Ahead of that season the toughest task for Lineen, the then Boroughmuir coach, had looked to be working out a way of replacing Mike Blair, who had just stepped up to the professional game with Edinburgh. Yet he was remarkably relaxed about it.

"I think I may have found an even better scrum-half," said the coach at the time.

To this day, that debate rages at the highest level, both Blair and Cusiter having gone on to become British & Irish Lions. Beyond dispute, however, is the skill involved in having identified such talent: drawing them to the club, then got the best out of them.

Both Cusiter and Lineen went professional full-time on the back of that success, the former to understudy another grand slam-winning great Gary Armstrong at the Border Reivers, the latter as backs coach at Glasgow Warriors.

That they now find themselves working together again as Glasgow contest the RaboDirect Pro12 play-offs in what will be Lineen's last campaign as a club head coach offers the extra incentive of perfectly book-ending his coaching career there. And Cusiter would love to reward his boss in that way.

"I really enjoyed working with Sean at Boroughmuir and I've enjoyed the last three years at Glasgow as well," said the scrum-half. "There have been ups and downs, of course, but getting to two semi-finals in this competition in three years is a great achievement. In years gone by, Glasgow would never had had the consistency required to do that and that's down to Sean.
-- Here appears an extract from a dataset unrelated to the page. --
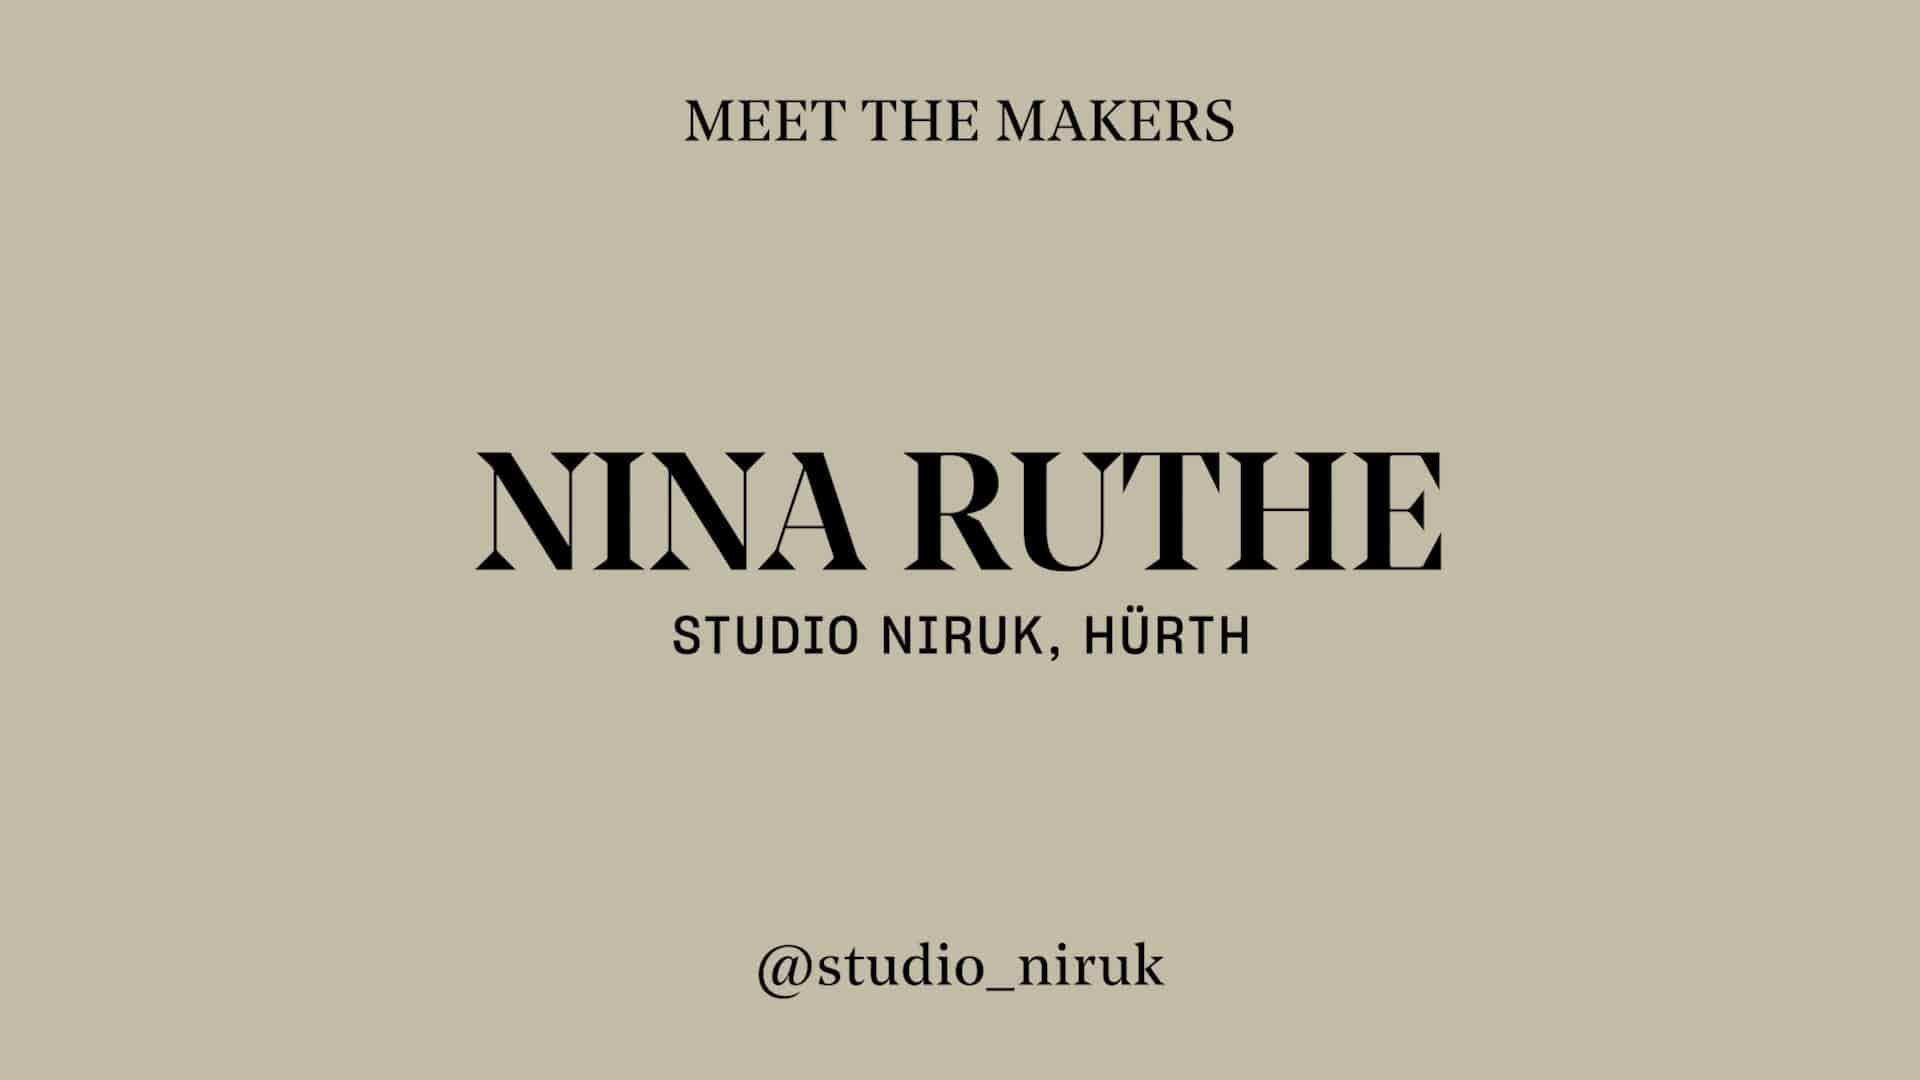 Nina Ruthe Studio Niruk

"Al Kellock spoke about it to the crowd after our last game at Firhill on Saturday. Everything Sean does is for the good of Glasgow rugby. Inevitably he has had to disappoint people at times and that's what makes it a difficult job, while I could see how frustrated he was last season when, for a variety of reasons, we struggled, but he has created an environment which has allowed us to produce some great results.

"When you look at the squads we play against for us to make the top four is a real turn up for the books. I don't think anyone would have predicted it, but being underdogs suits us and we'll certainly be that this weekend."
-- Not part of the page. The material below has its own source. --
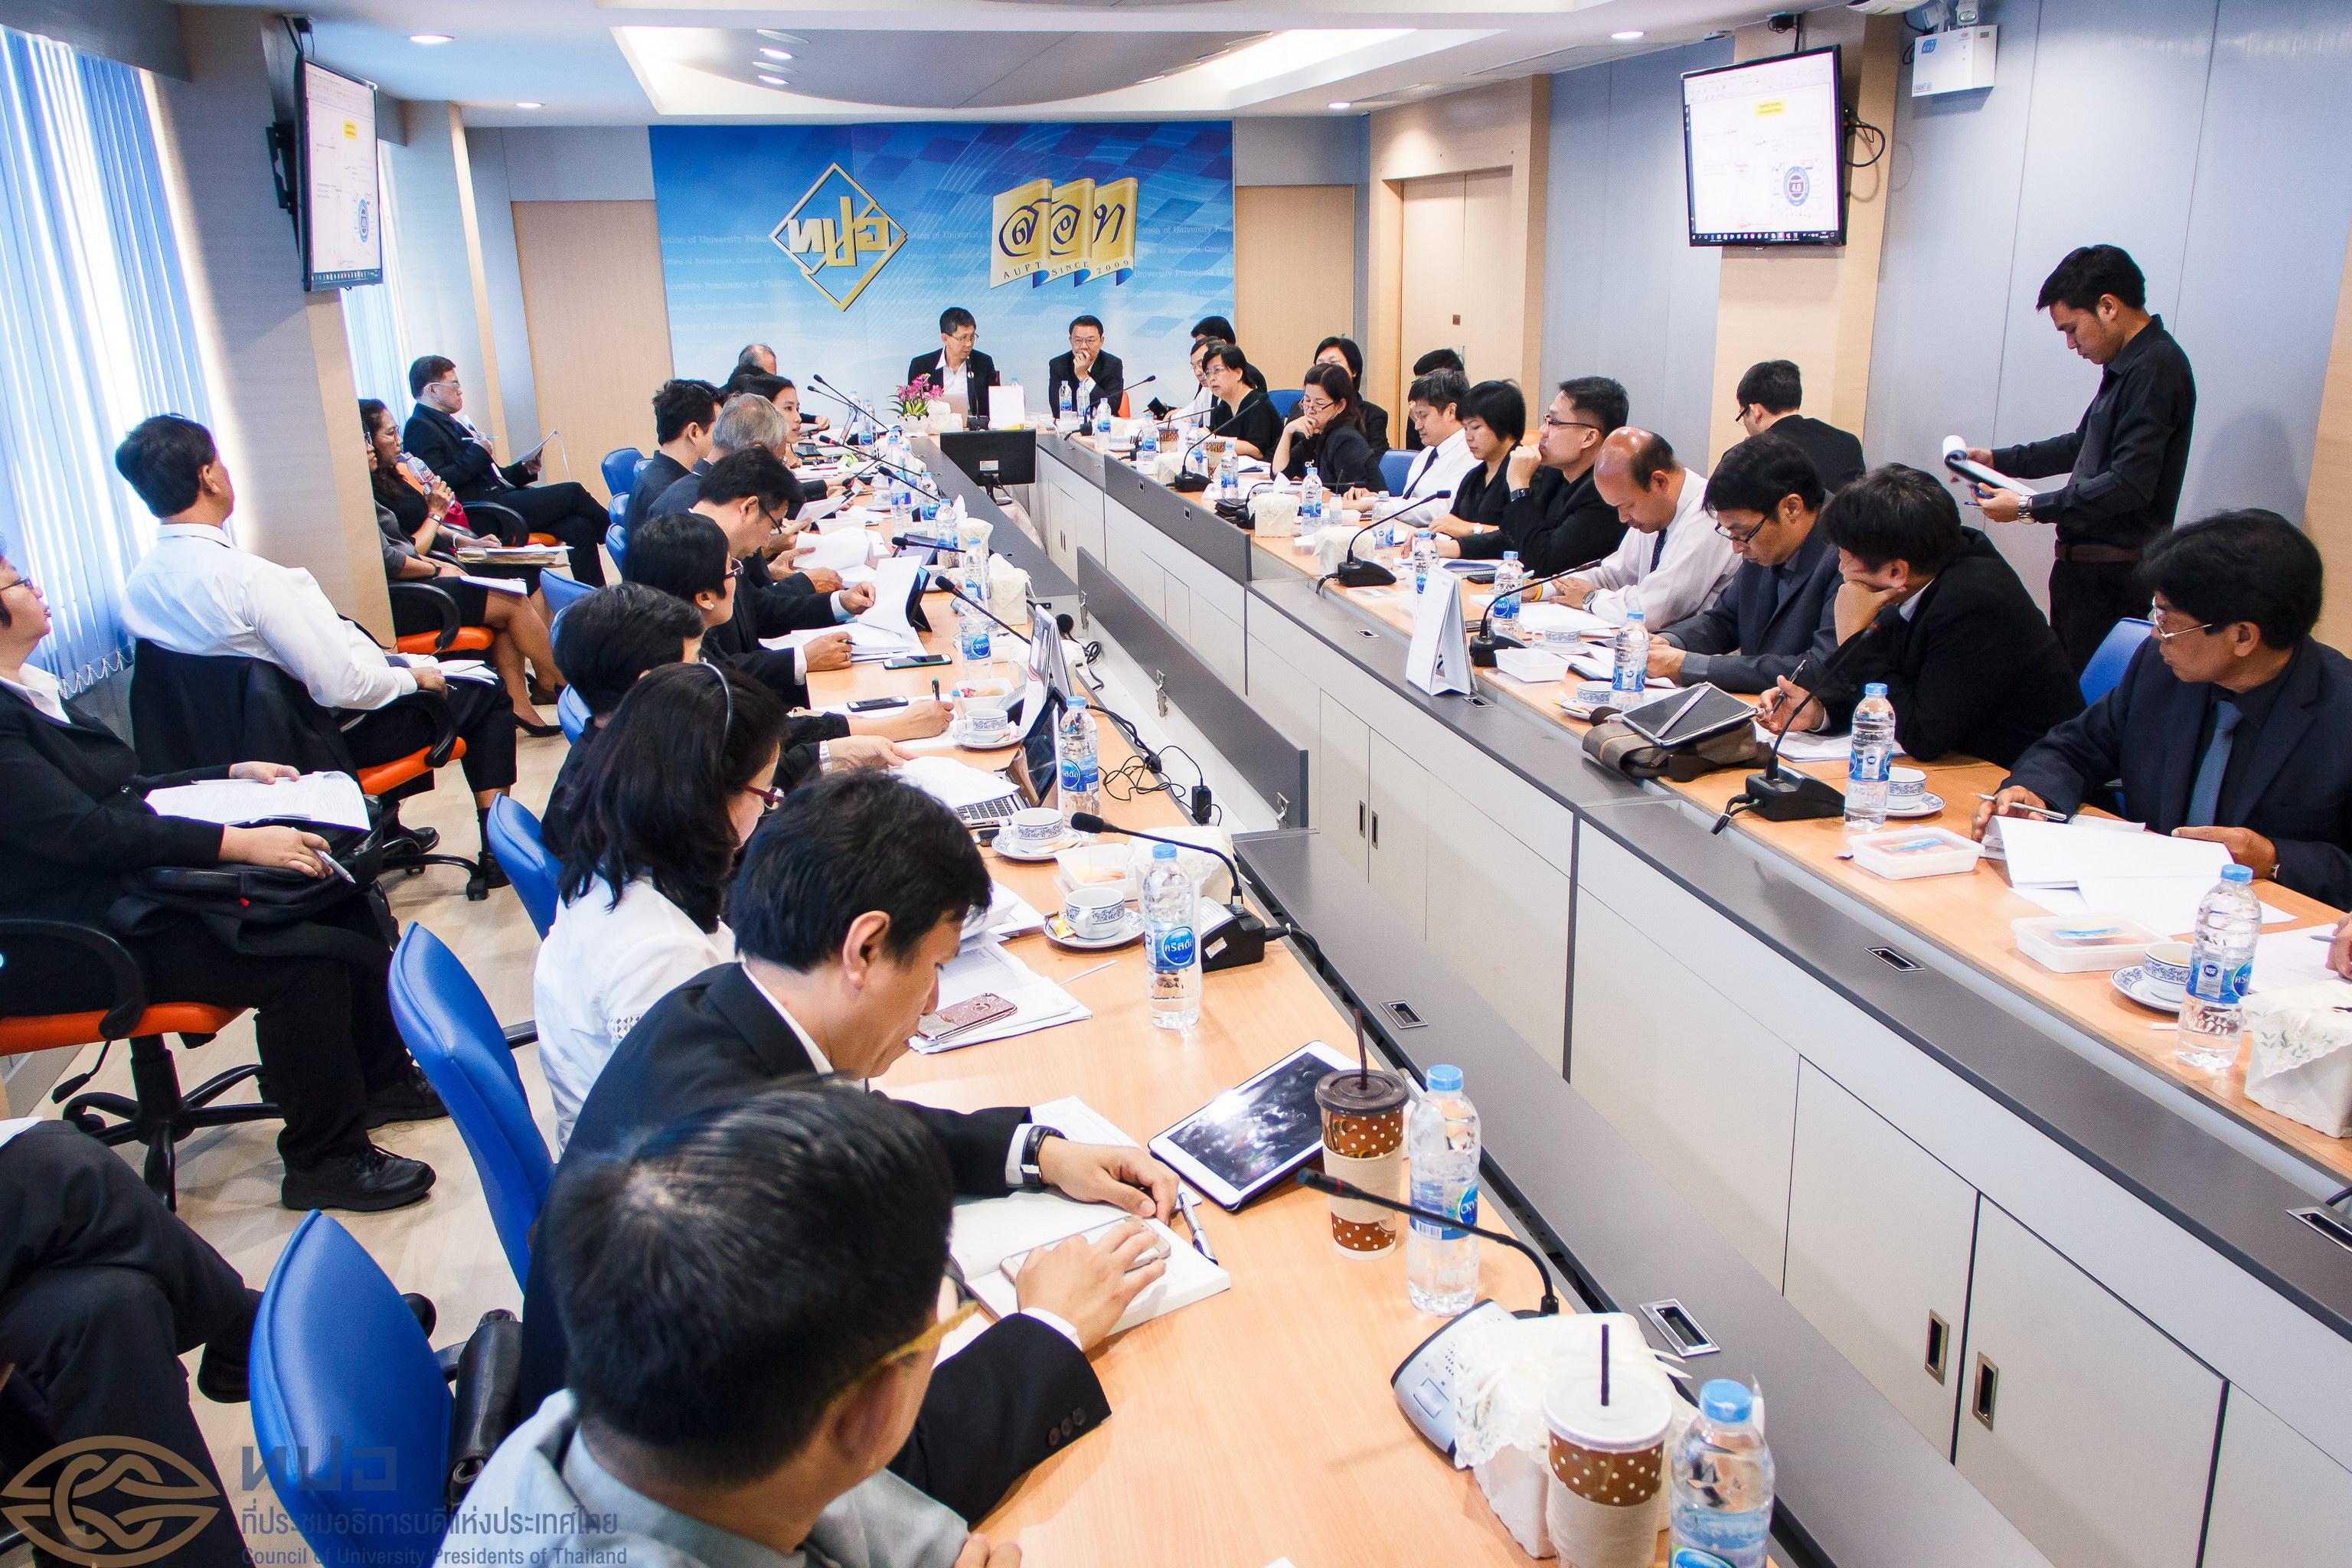 การประชุมคณะกรรมการวิจัยและนวัตกรรม ครั้งที่ 2/2560

Which is just as it was two years ago when Cusiter missed out on the semi-final after suffering what was at first thought to be a relatively minor knee injury in the last league match against the Scarlets only for it to turn into a career-threatening problem which cost him a full season.
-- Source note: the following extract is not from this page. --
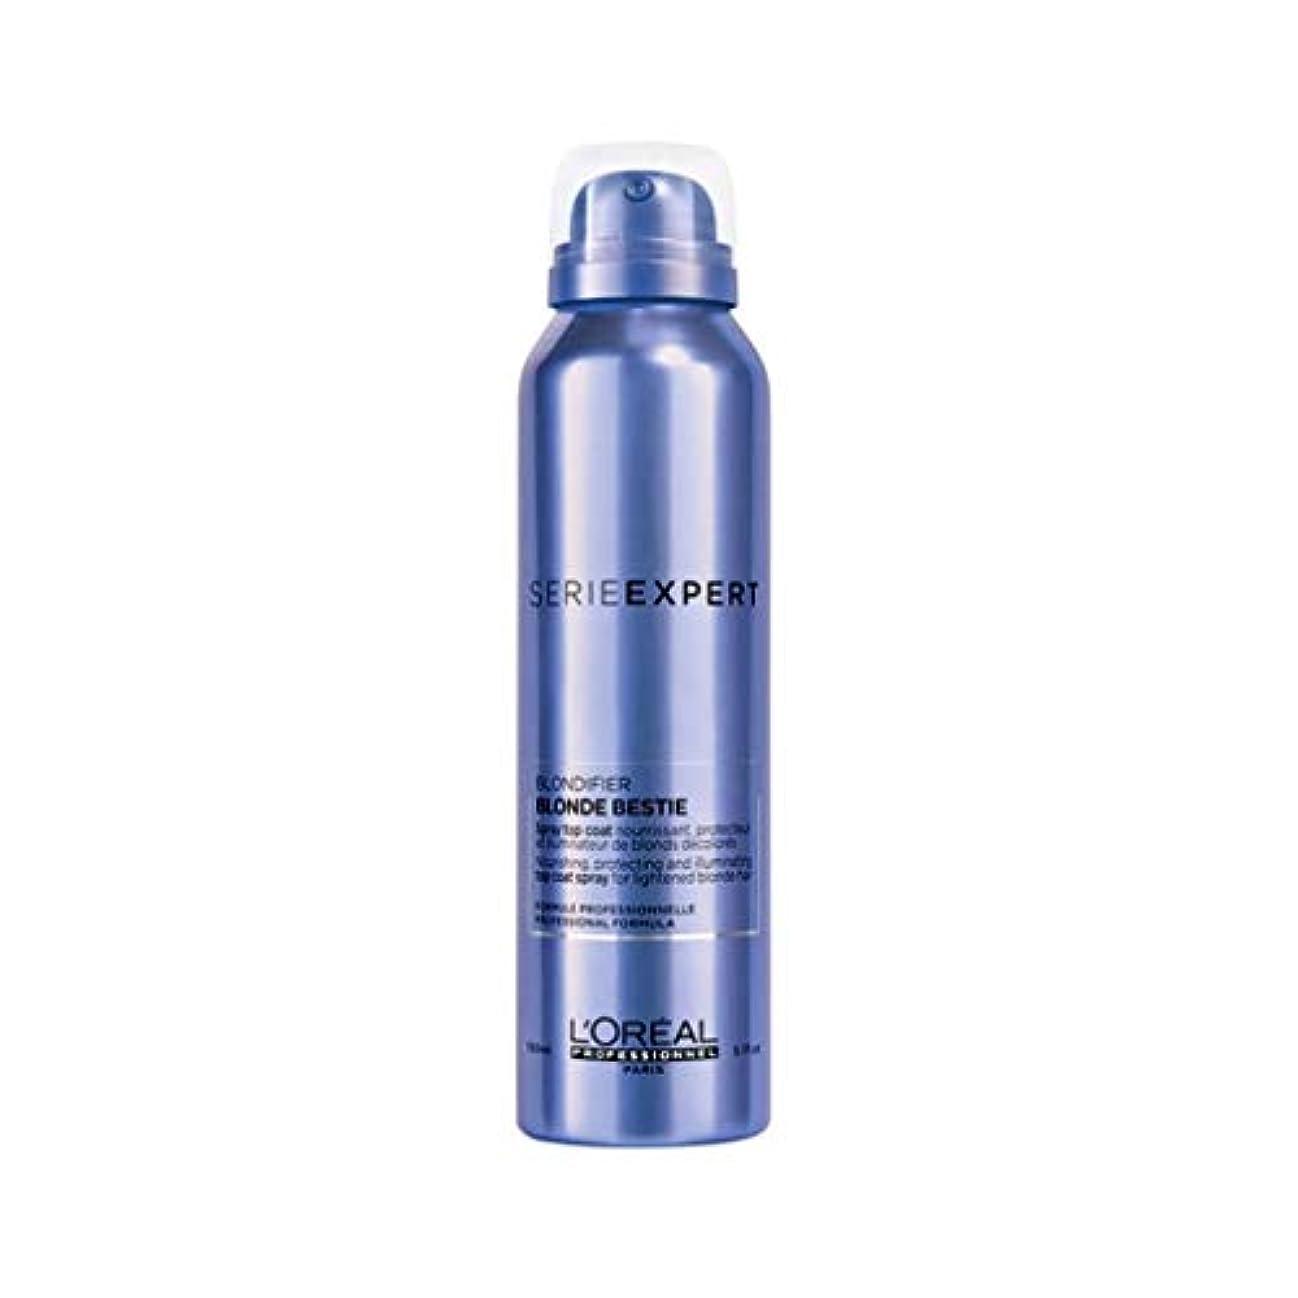 海軍爬虫類ローストロレアル セリエ エクスパート ブロンディファイア ブロンド ベスティー スプレー L'Oreal Serie Expert Blondifier Blond Bestie Spray 150 ml [並行輸入品]

That may have been in Lineen's mind when he decided Cusiter's involvement would be minimised last weekend as the looked towards the prospect of facing Europe's best side, Leinster, in the semis.

Coming off the bench rather than starting against Connacht was to prove a difficult experience for Cusiter but not because of the customary resentment of a senior man for his understudy since he has a very high opinion of Henry Pyrgos, who is now beginning to push him very hard.

"I'm really pleased for Henry and the way he's been playing. It's great to see and I'm at the stage now that although I want to play every week, it is great to see him develop. He has been involved in about 20 games this season and I've known that even if I'm away, things would go well.

"What was frustrating on Saturday, though, was suffering a dead leg within a minute of getting on to the pitch," Cusiter explained with a wry laugh.

"It should be okay and it was just down to bad tackle technique so I've got no-one else to blame, but it's the fourth dead leg I've suffered this season. I guess the positive I can take from it is that it suggests I've not got any body fat protecting me."

All delivered with customary good humour, yet with enough edge to reflect the culture at Glasgow, because there is a raw muscularity about their playing style, to the extent that Cusiter's description of Saturday's win could have been applied to any one of a dozen of their victories this season.

"It wasn't the best game to watch but there's no substitute for winning," said a man who, in his professional career in Scotland, has had more than his fair share of the other thing.

"We know our strengths and our weaknesses so we make no apologies for that."

Those strengths involve the sort of competition for places that exists between Cusiter and Pyrgos now being in place in every position which is what gives belief that they can be more competitive than when they reached the semi-finals two years ago.

"I think the difference between this year and 2010 is that the balance of the squad is much better. Then a lot of our game was centred on how Dan Parks was playing. Now, when you you look at the way the tries we've scored are spread around the team, everyone is contributing equally and because we've got a squad it also means that everyone's not exhausted simply by the effort of getting to the play-offs."

While Cusiter is, then, part of a generation of Scottish players who have precious little in the way of silverware to show for prodigious effort, he has reason to believe that could change, perhaps even in the next few weeks.

"The depth of squad is why the Irish have achieved what they have and we're definitely getting a quality of player here that has allowed us to get on a roll which in turn brings that team spirit and morale," he said.

"I particularly want to win something with Glasgow and it would be a great way to finish my first three-year contract with the club. I saw the potential here which is one of the reasons I wanted to come back and this is a good time for us to kick on."